Детская шалость - Алексей Гурбатов
Шрифт:
Интервал:
Закладка:
От автора
Все события в повести являются вымышленными, а любые совпадения случайными.
***У меня юбилей – полвека прожил!
Гостей приглашу немного – только самых близких. Нет, не из-за того, что я не нажил друзей, или мне жаль средств на гуляния с русским размахом, а лишь по причине моих мизерных нынешних апартаментов, которые, к сожалению, я не смогу поменять на более лучшие до конца своих дней.
Так уж сложилась судьба, но остаток лет я проведу в камере для людей, приговорённых к пожизненному сроку заключения. Хотя людьми здесь содержащихся – педофилов, маньяков-насильников, серийных убийц, террористов можно назвать едва ли.
Как же я – инженер-технолог, окончивший Московскую лесотехническую академию, мог оказаться среди этих нелюдей?
Я часто задавал себе этот вопрос, но ответ, как не странно, нашёл именно сегодня.
Я – заключённый с табельным номером ноль два тринадцать.
У меня перед входом в камеру, с левой стороны (для удобства ознакомления с содержащимся за тяжёлой металлической дверью) висит табличка-бирка с цветной фотографией.
На фото мне сорок три (день прибытия сюда).
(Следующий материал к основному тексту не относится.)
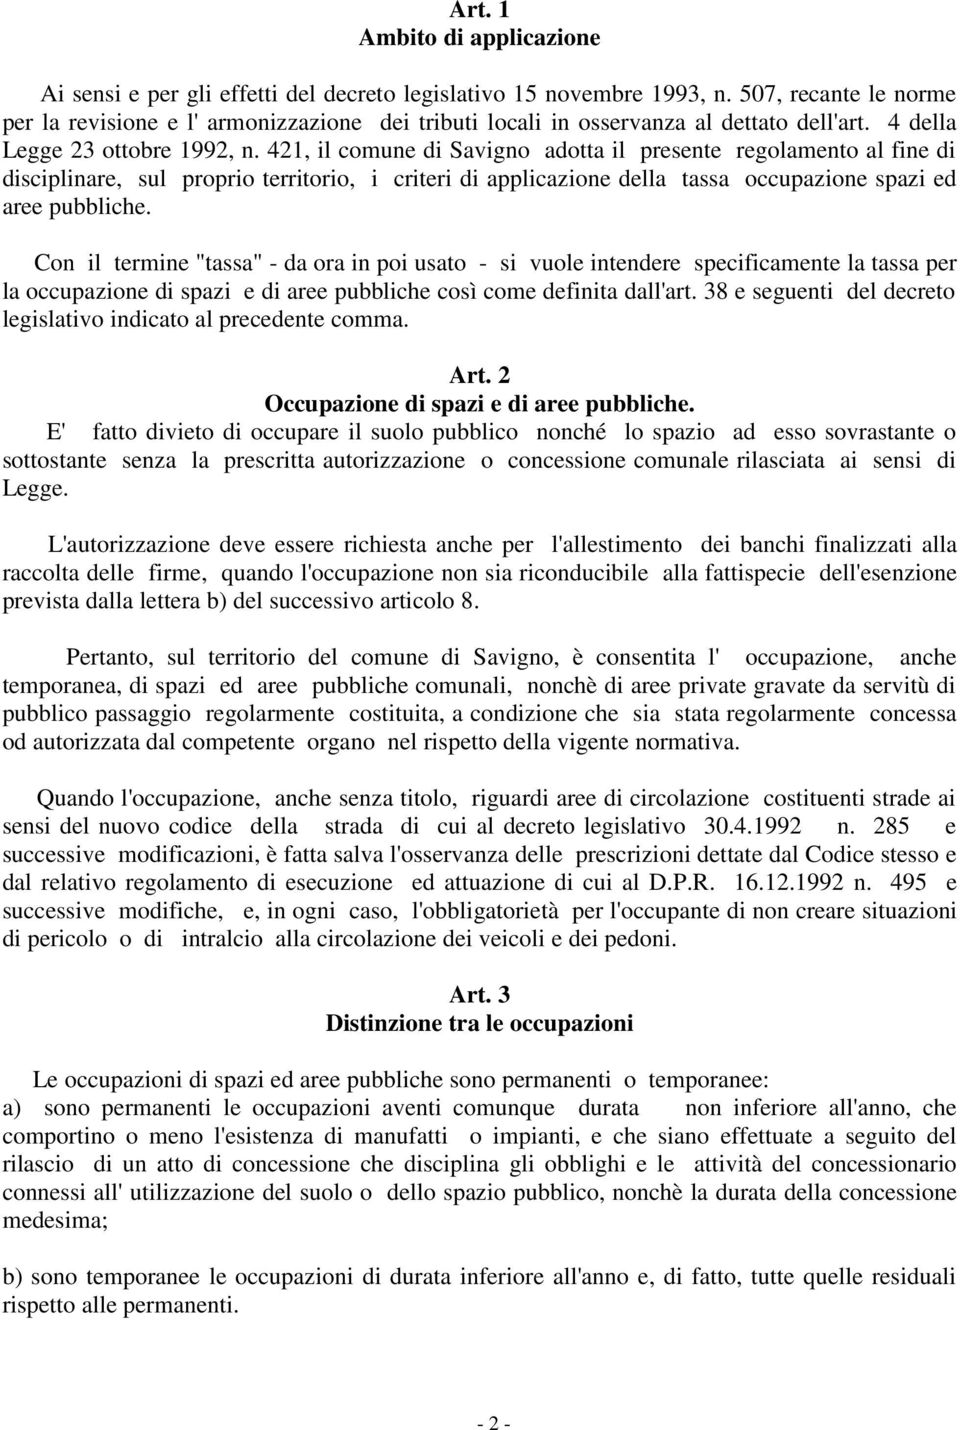 421, il comune di Savigno adotta il presente regolamento al fine di disciplinare, sul proprio territorio, i criteri di applicazione della tassa occupazione spazi ed aree pubbliche.

На снимке я весьма неплохо выгляжу (ещё нет этой ужасной огромной проплешины на самой верхушке головы, практически, нет седины, лишь на висках немного; широкий лоб ещё без шрама (результат неудачной попытки суицида – хотел голову разбить о бетонную стену), огромные карие глаза ещё не кажутся жалкими; обычный средний нос ещё не был таким острым, как сейчас, а тонкие губы совсем не тряслись).
Там же, на прикамерной бирке, указана моя весёлая фамилия – Пересвистунов. Имя – Евгений. Отчество – Андреевич. Дата рождения – 29 мая 1962 год. Номера трёх уголовных статей.
А в графе «срок заключения» пугающая надпись – «пожизненно».
За семь долгих лет пребывания в этих стенах я не раз анализировал прожитые годы и пришёл к выводу, что оказался в тюрьме из-за детской шалости, такой же, по сути, которые шли со мной рядом по жизни и являлись неотъемлемой частью меня.
Шалость первая
Мне было пять лет.
Страна отмечала пятидесятую годовщину Октябрьской революции.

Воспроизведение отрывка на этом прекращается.